Exercise brief: Output, exactly as written, the lines below from the one that has "A large quantity" through the one that has "News about Artificial Surfaces"; nothing else, and no pictures.

Task data START

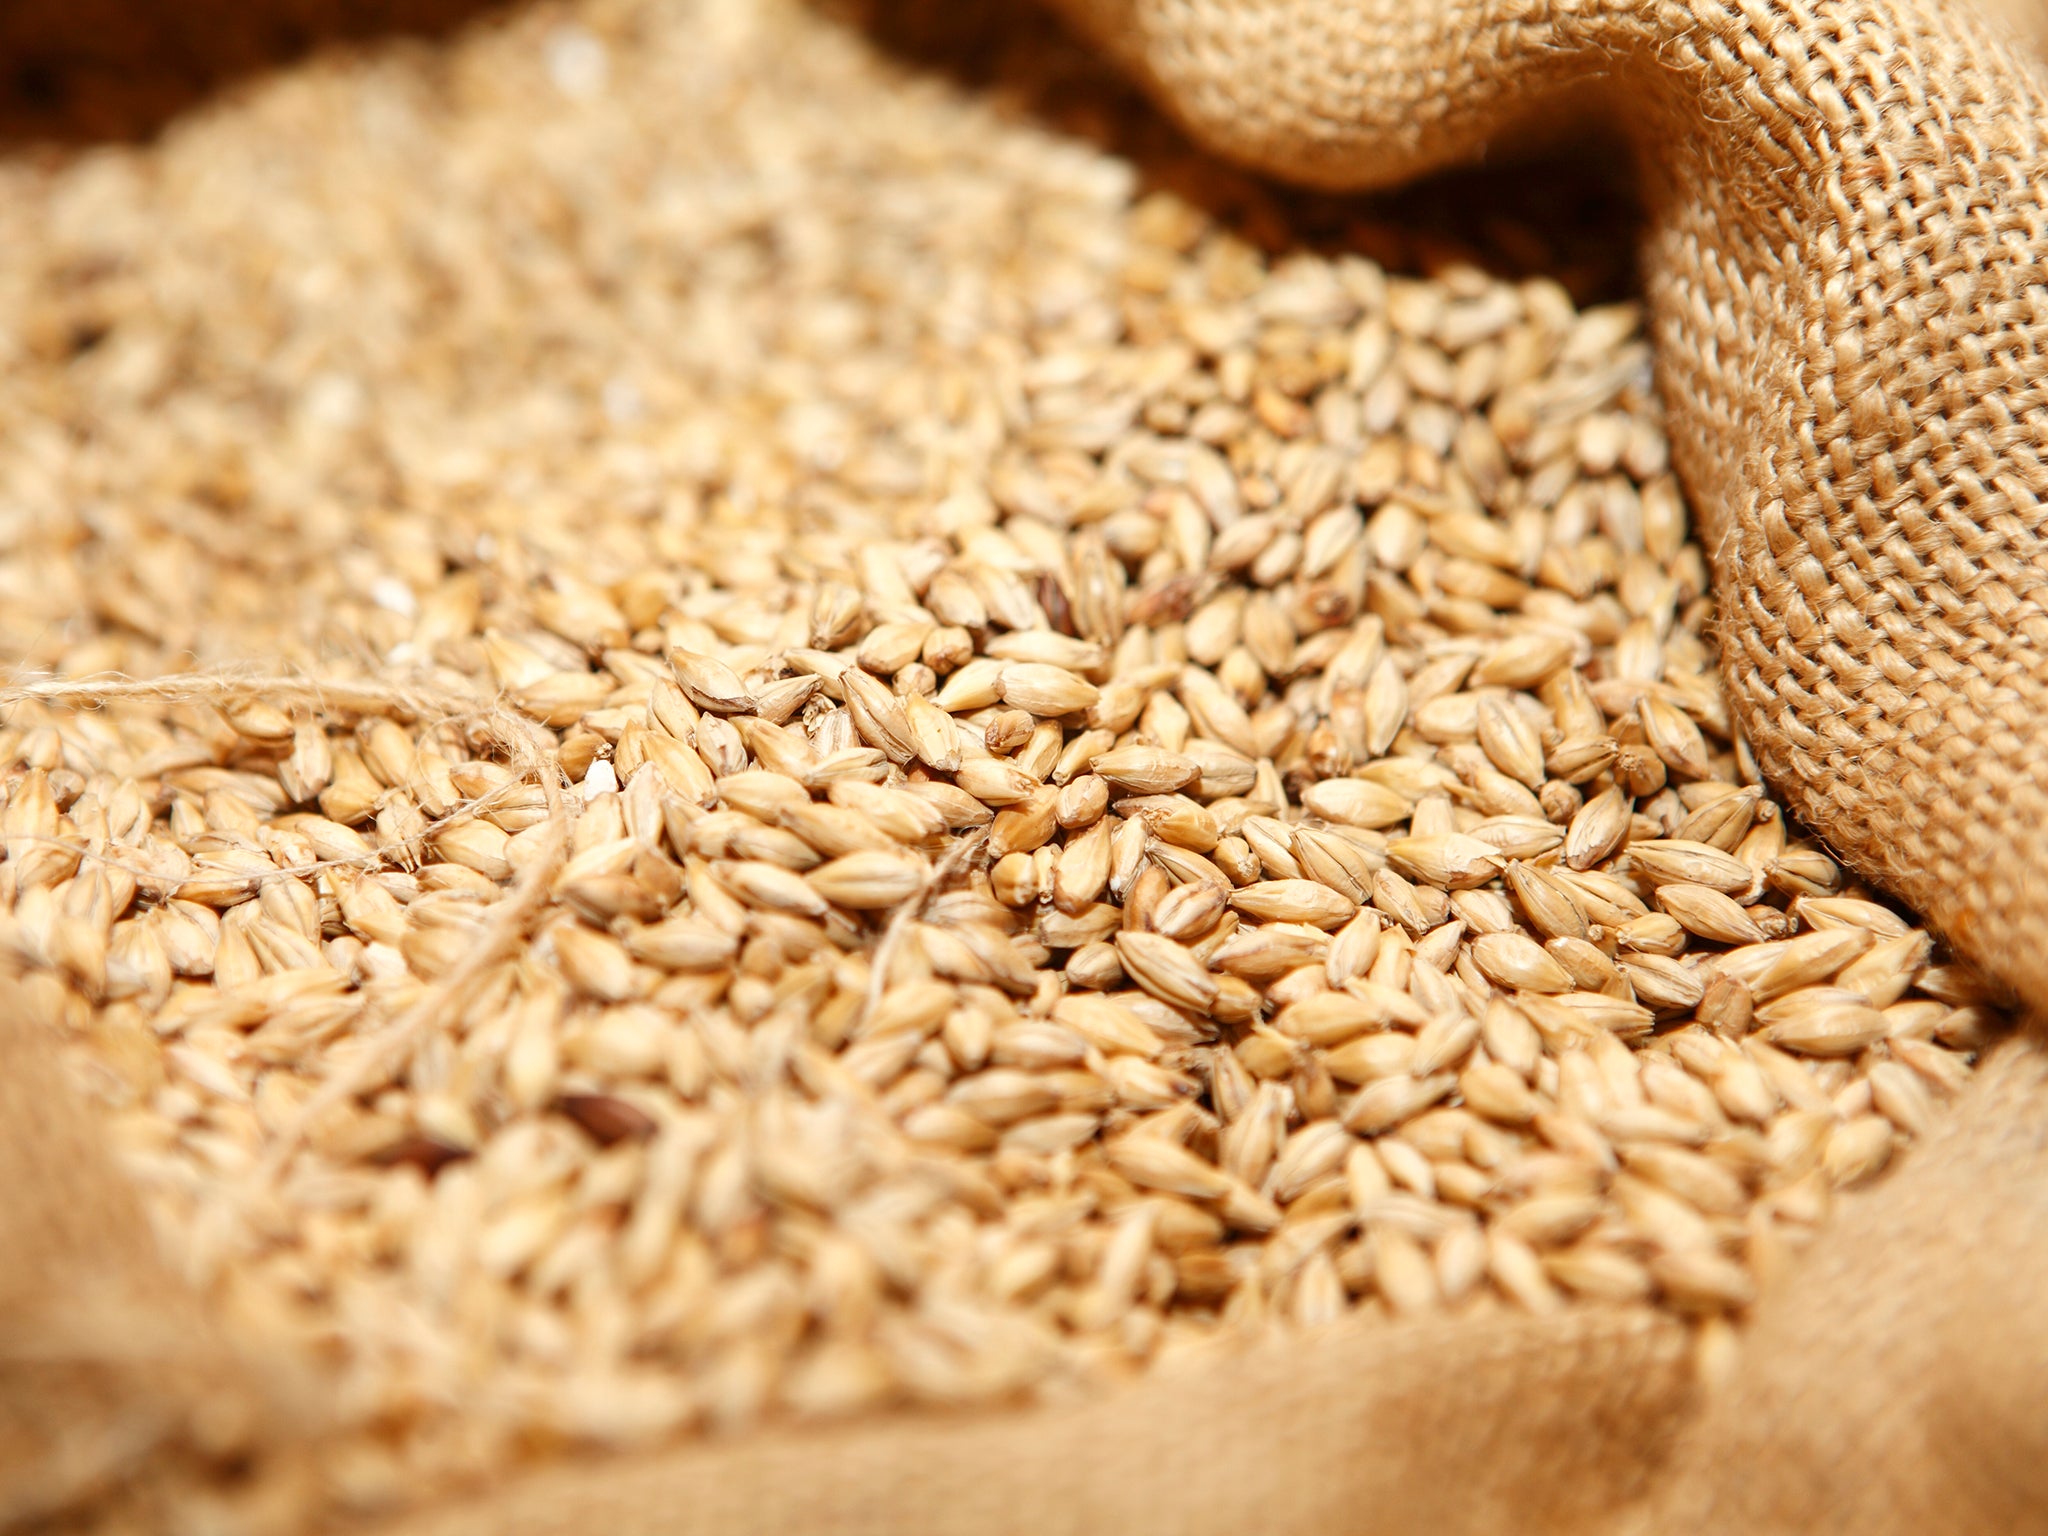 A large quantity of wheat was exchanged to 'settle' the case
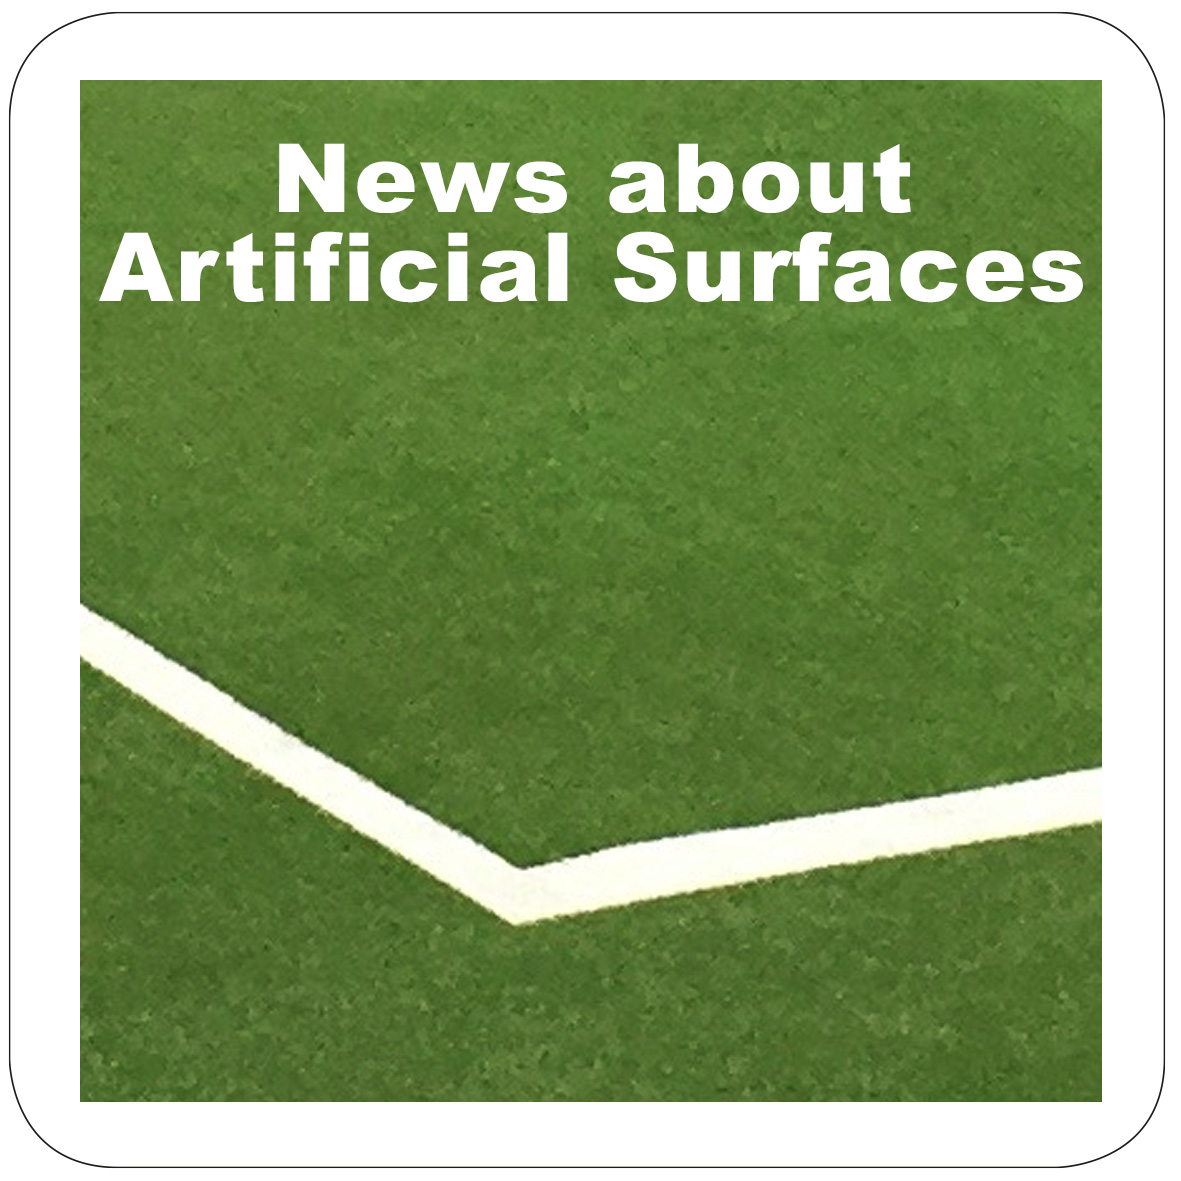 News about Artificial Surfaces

Task data END
Task data START

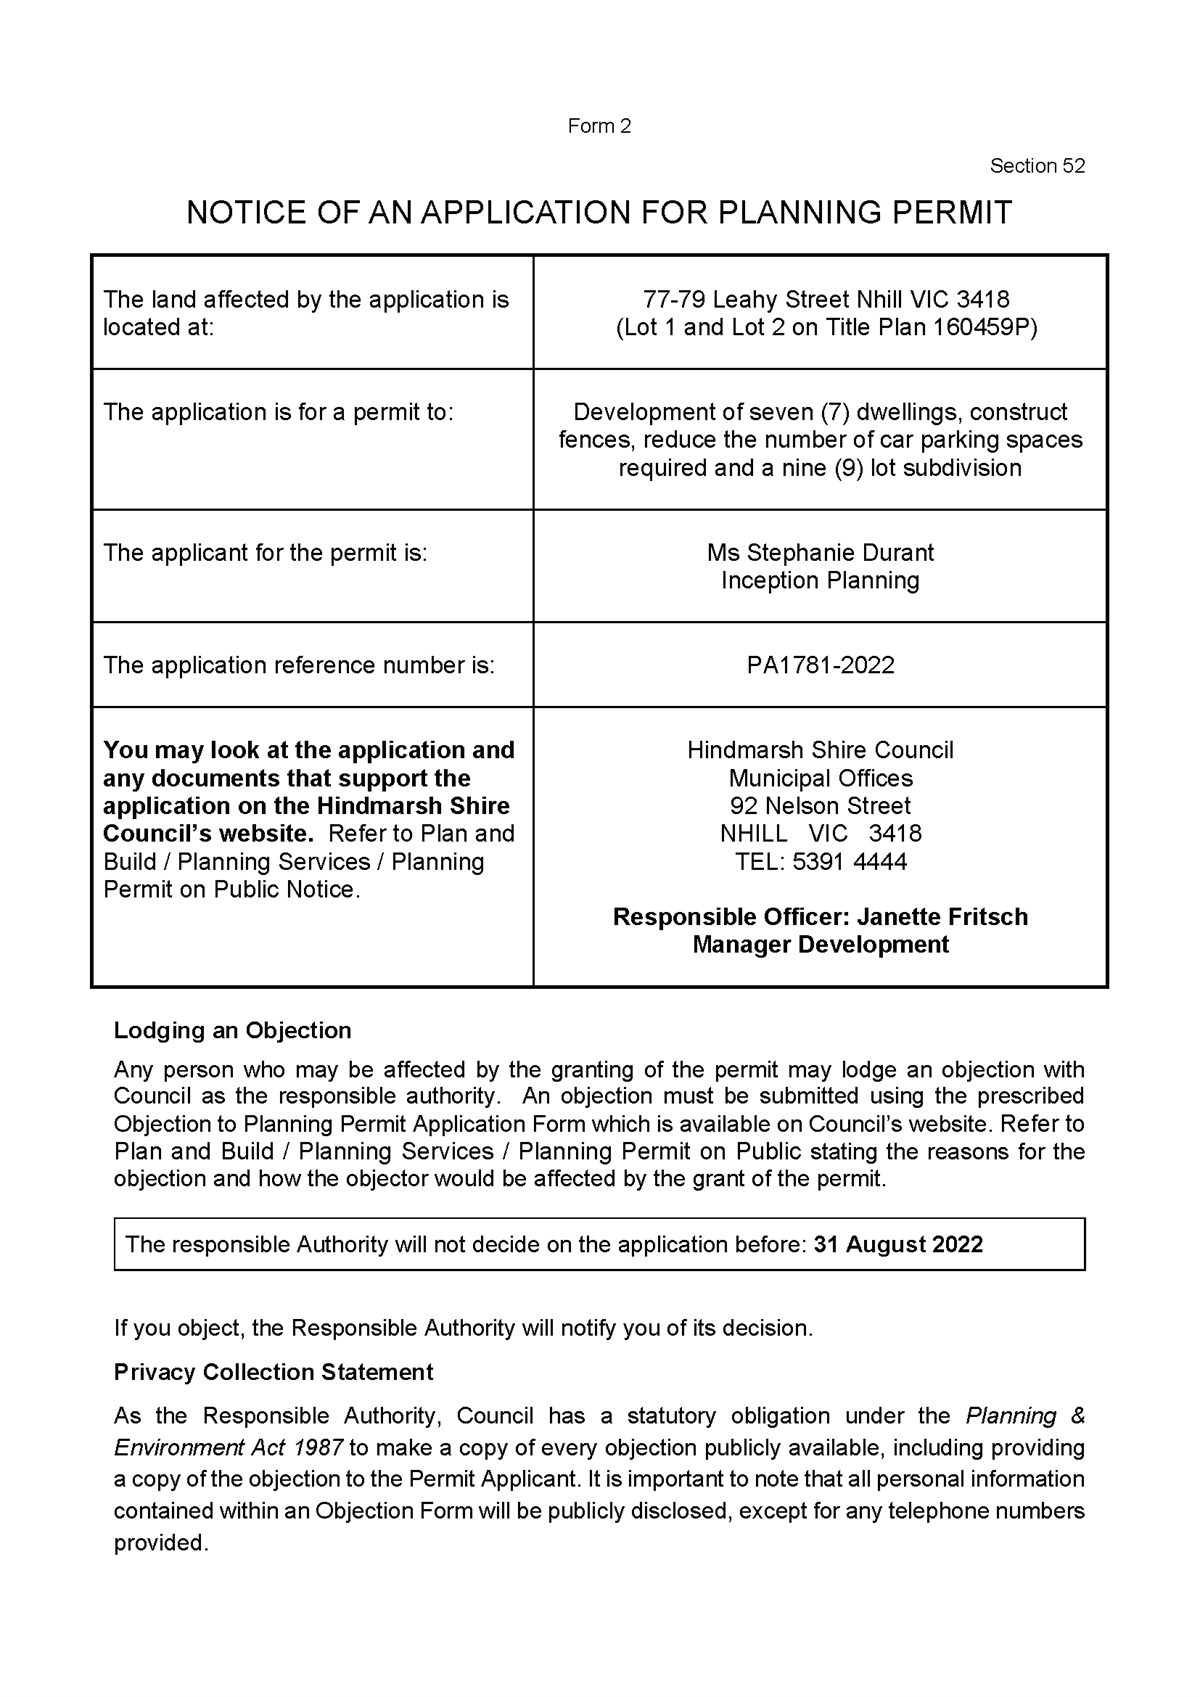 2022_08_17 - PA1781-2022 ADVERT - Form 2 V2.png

Task data END

Answer to the exercise:
 A large quantity of wheat was exchanged to 'settle' the case
 News about Artificial Surfaces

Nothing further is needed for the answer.